╔══

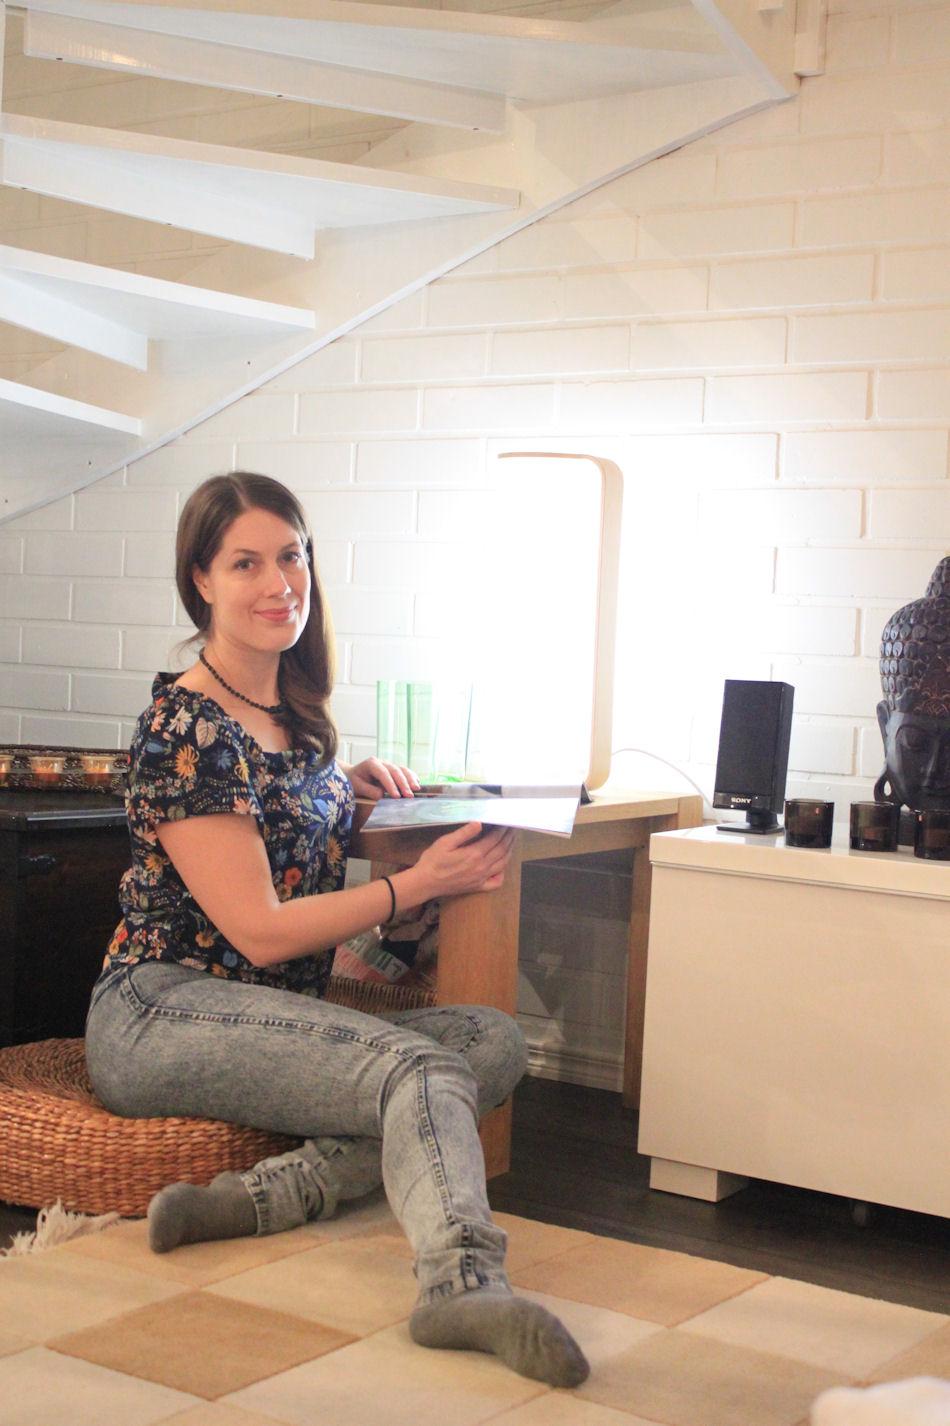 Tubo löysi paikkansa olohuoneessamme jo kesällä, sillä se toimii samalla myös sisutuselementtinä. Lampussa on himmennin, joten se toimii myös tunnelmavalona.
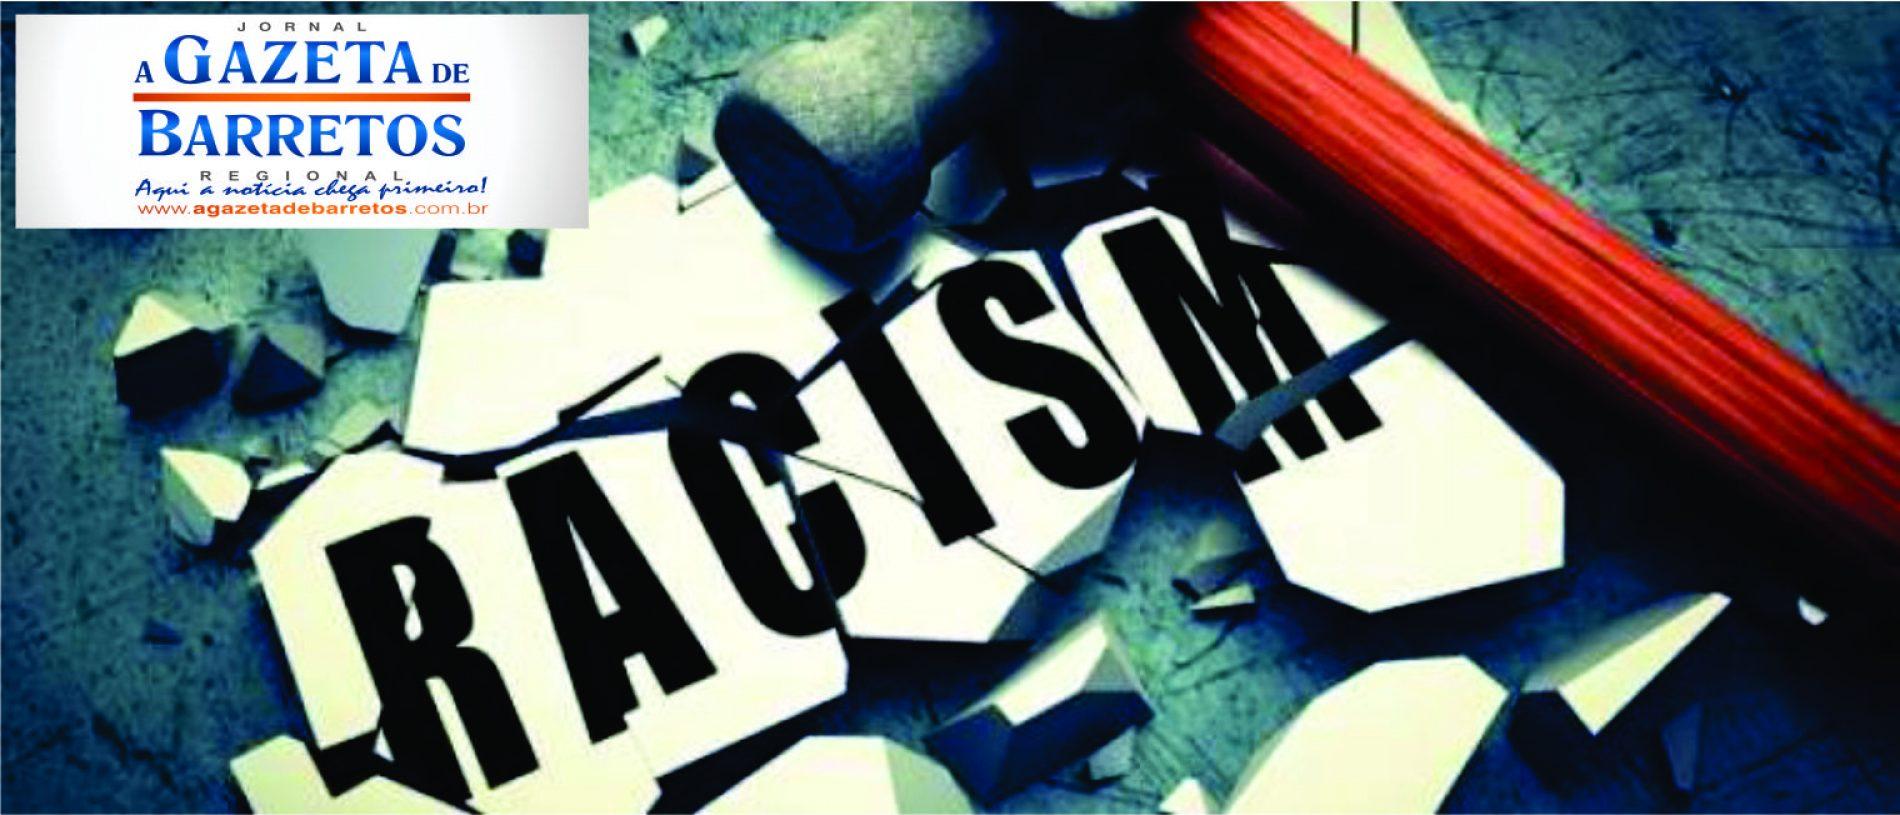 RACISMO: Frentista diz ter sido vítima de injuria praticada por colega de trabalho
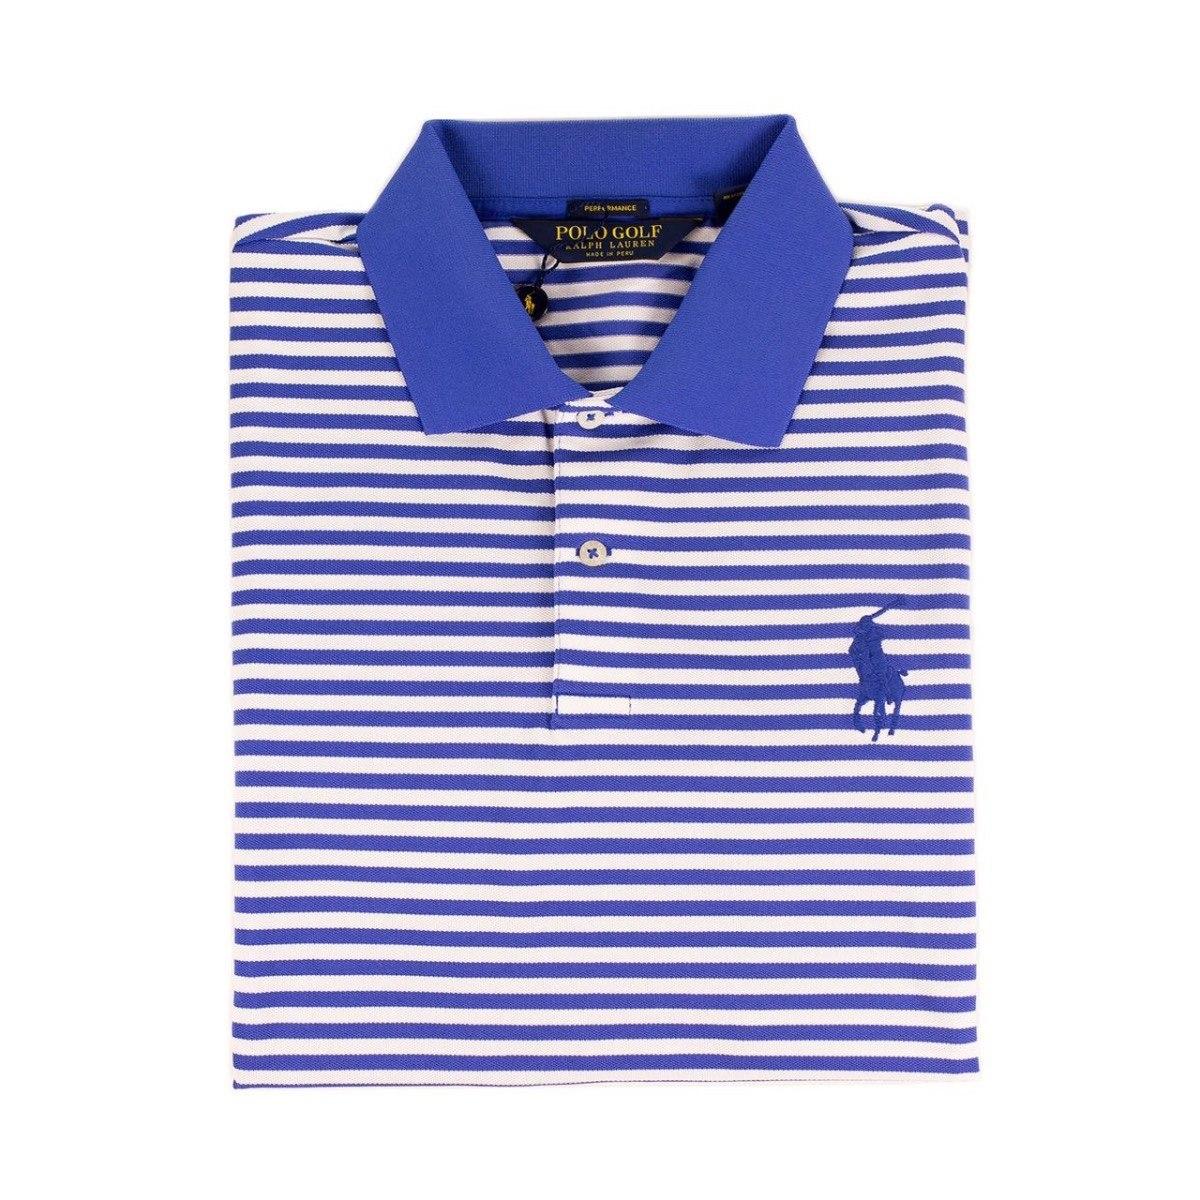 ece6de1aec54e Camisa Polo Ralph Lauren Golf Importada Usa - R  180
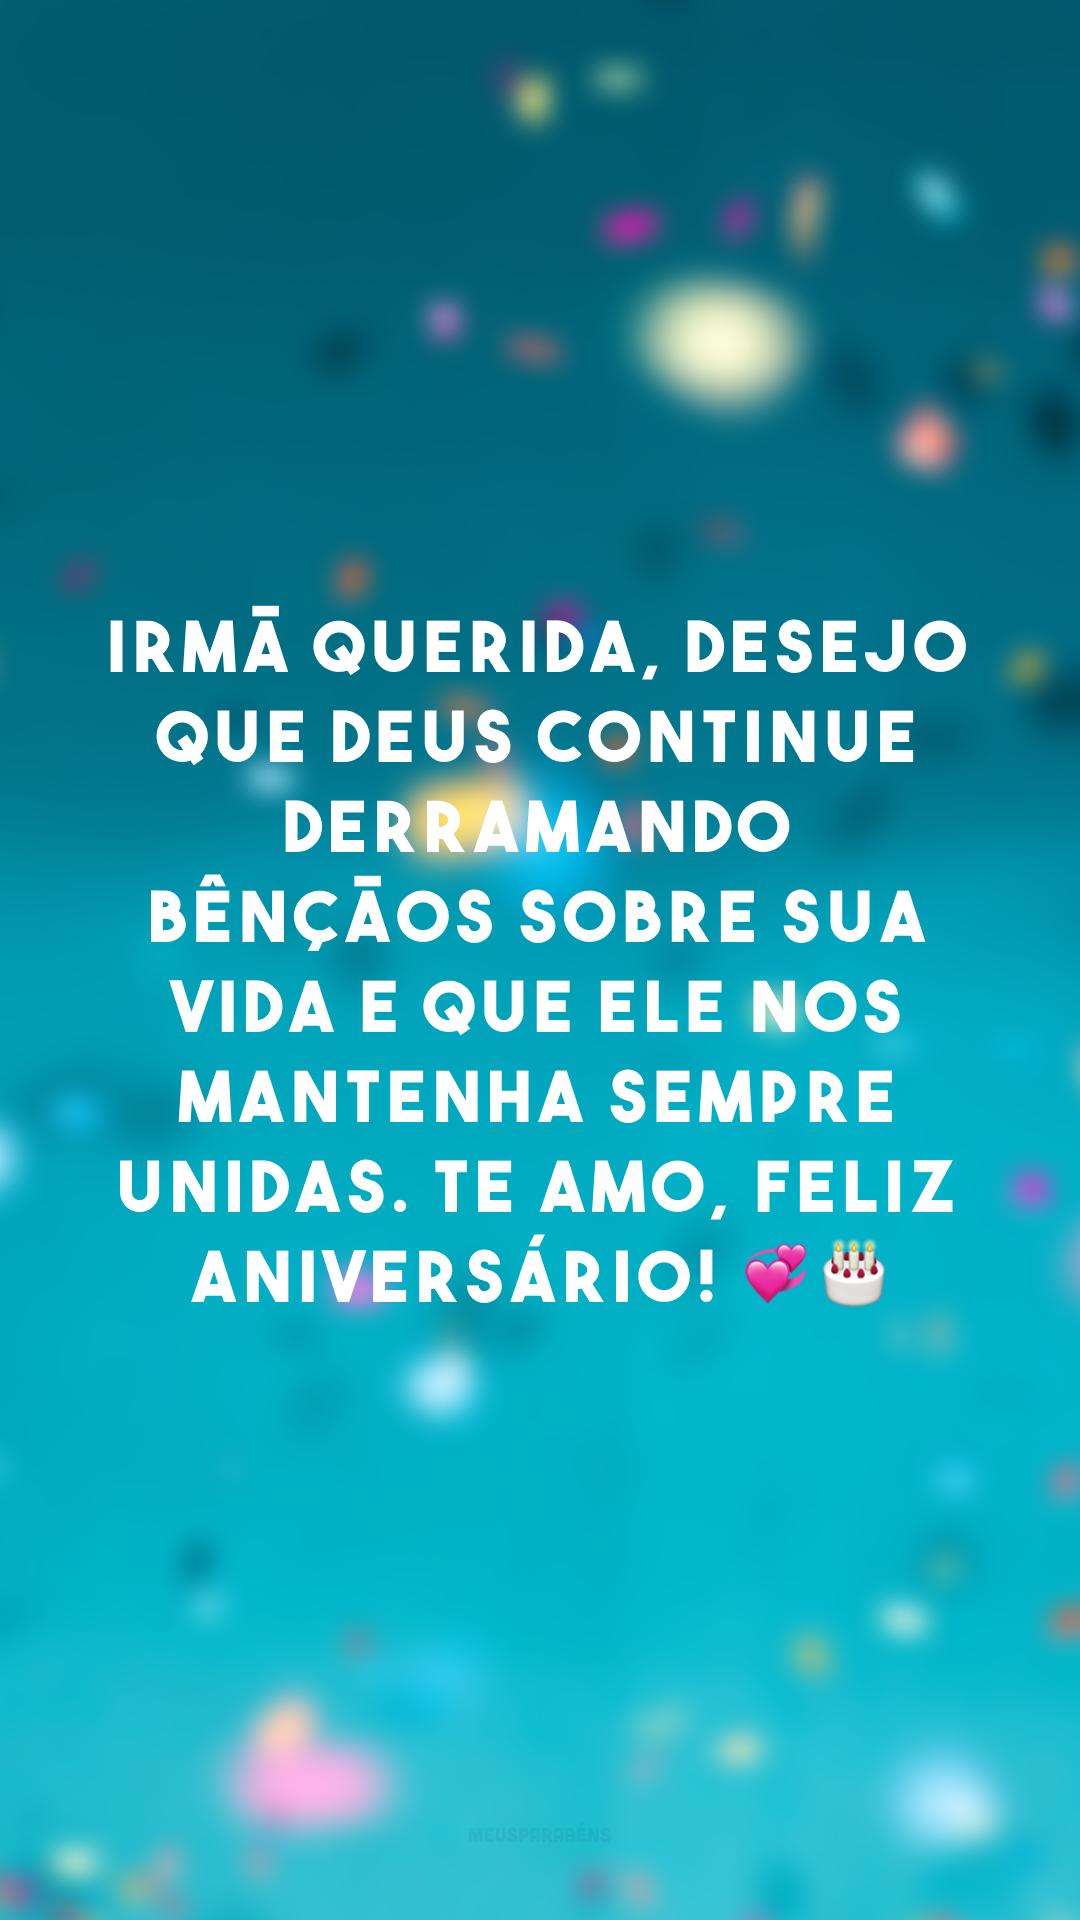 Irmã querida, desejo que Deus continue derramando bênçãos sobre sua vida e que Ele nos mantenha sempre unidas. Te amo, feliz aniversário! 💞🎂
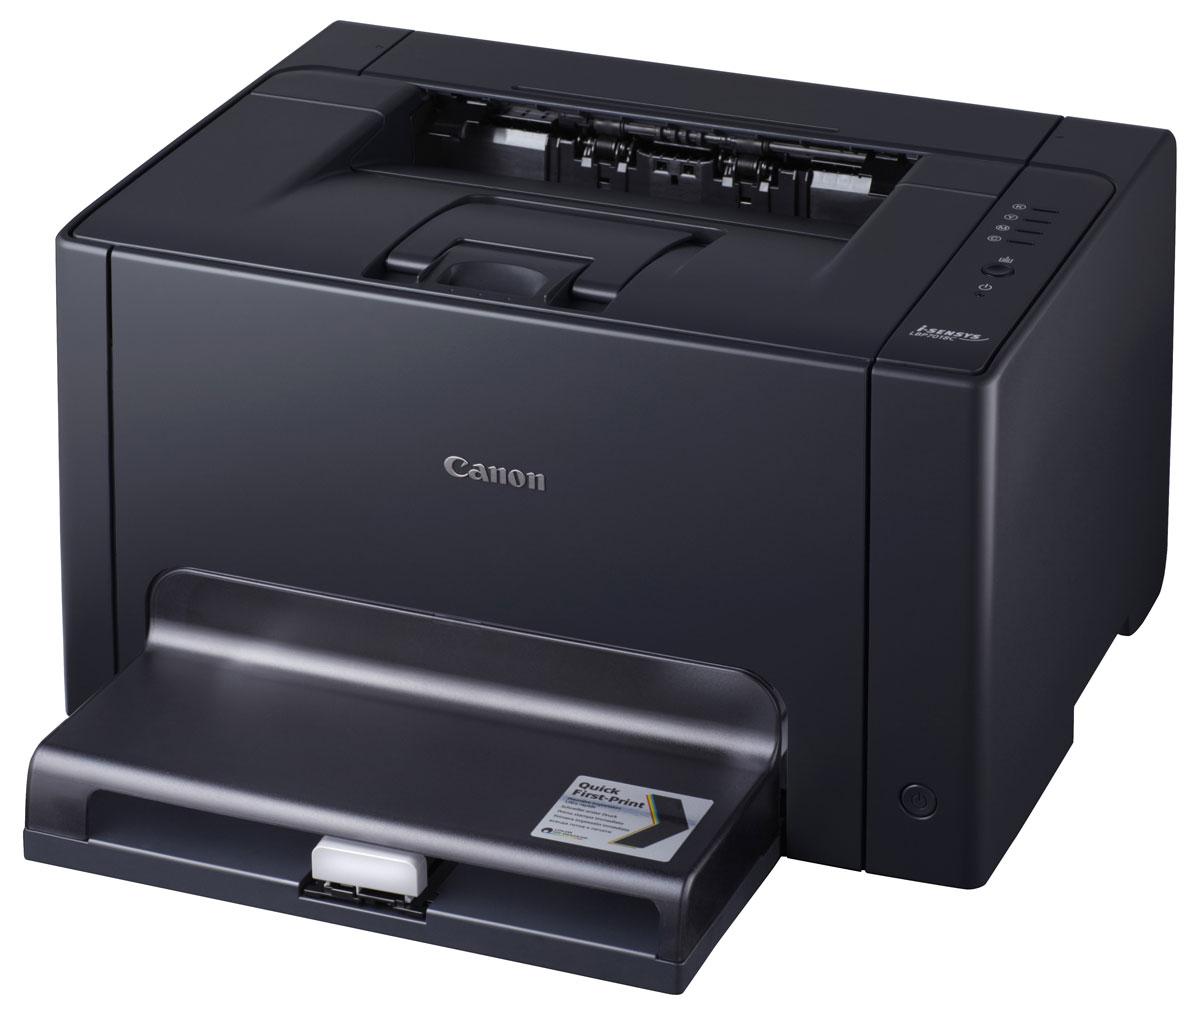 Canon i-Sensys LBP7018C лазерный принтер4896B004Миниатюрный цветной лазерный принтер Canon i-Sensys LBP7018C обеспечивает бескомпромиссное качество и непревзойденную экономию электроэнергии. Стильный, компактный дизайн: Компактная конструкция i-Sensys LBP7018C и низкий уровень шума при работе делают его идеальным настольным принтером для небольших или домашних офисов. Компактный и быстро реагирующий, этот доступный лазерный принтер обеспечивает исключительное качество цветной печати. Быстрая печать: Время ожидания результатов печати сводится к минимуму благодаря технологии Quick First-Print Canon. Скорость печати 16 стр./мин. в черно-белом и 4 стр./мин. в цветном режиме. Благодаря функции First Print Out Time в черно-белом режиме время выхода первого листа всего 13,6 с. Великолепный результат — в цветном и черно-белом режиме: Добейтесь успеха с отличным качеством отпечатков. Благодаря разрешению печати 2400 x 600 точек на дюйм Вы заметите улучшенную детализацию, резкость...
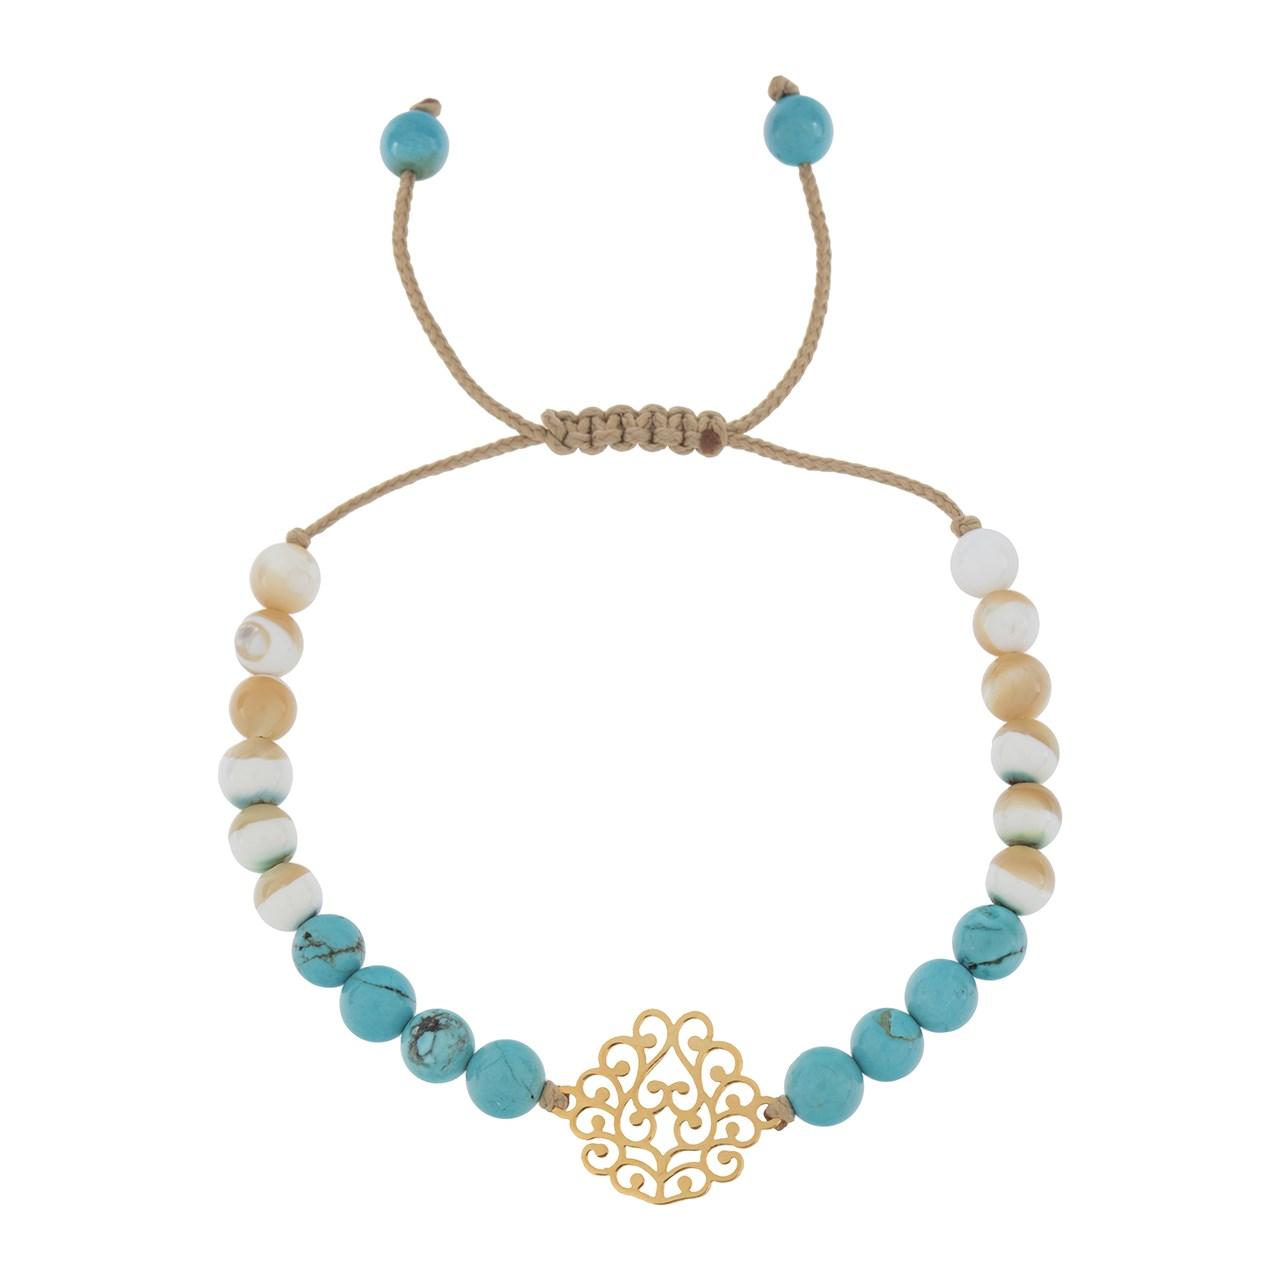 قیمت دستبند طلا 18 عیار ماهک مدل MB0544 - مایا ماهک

╚══

_PROBLEM_: Output the material word for word, omitting its pictures.

_RESPONSE_:
 Tubo löysi paikkansa olohuoneessamme jo kesällä, sillä se toimii samalla myös sisutuselementtinä. Lampussa on himmennin, joten se toimii myös tunnelmavalona.
 RACISMO: Frentista diz ter sido vítima de injuria praticada por colega de trabalho
 ece6de1aec54e Camisa Polo Ralph Lauren Golf Importada Usa - R  180
 Irmã querida, desejo que Deus continue derramando bênçãos sobre sua vida e que Ele nos mantenha sempre unidas. Te amo, feliz aniversário! 💞🎂
 Canon i-Sensys LBP7018C лазерный принтер4896B004Миниатюрный цветной лазерный принтер Canon i-Sensys LBP7018C обеспечивает бескомпромиссное качество и непревзойденную экономию электроэнергии. Стильный, компактный дизайн: Компактная конструкция i-Sensys LBP7018C и низкий уровень шума при работе делают его идеальным настольным принтером для небольших или домашних офисов. Компактный и быстро реагирующий, этот доступный лазерный принтер обеспечивает исключительное качество цветной печати. Быстрая печать: Время ожидания результатов печати сводится к минимуму благодаря технологии Quick First-Print Canon. Скорость печати 16 стр./мин. в черно-белом и 4 стр./мин. в цветном режиме. Благодаря функции First Print Out Time в черно-белом режиме время выхода первого листа всего 13,6 с. Великолепный результат — в цветном и черно-белом режиме: Добейтесь успеха с отличным качеством отпечатков. Благодаря разрешению печати 2400 x 600 точек на дюйм Вы заметите улучшенную детализацию, резкость...
 قیمت دستبند طلا 18 عیار ماهک مدل MB0544 - مایا ماهک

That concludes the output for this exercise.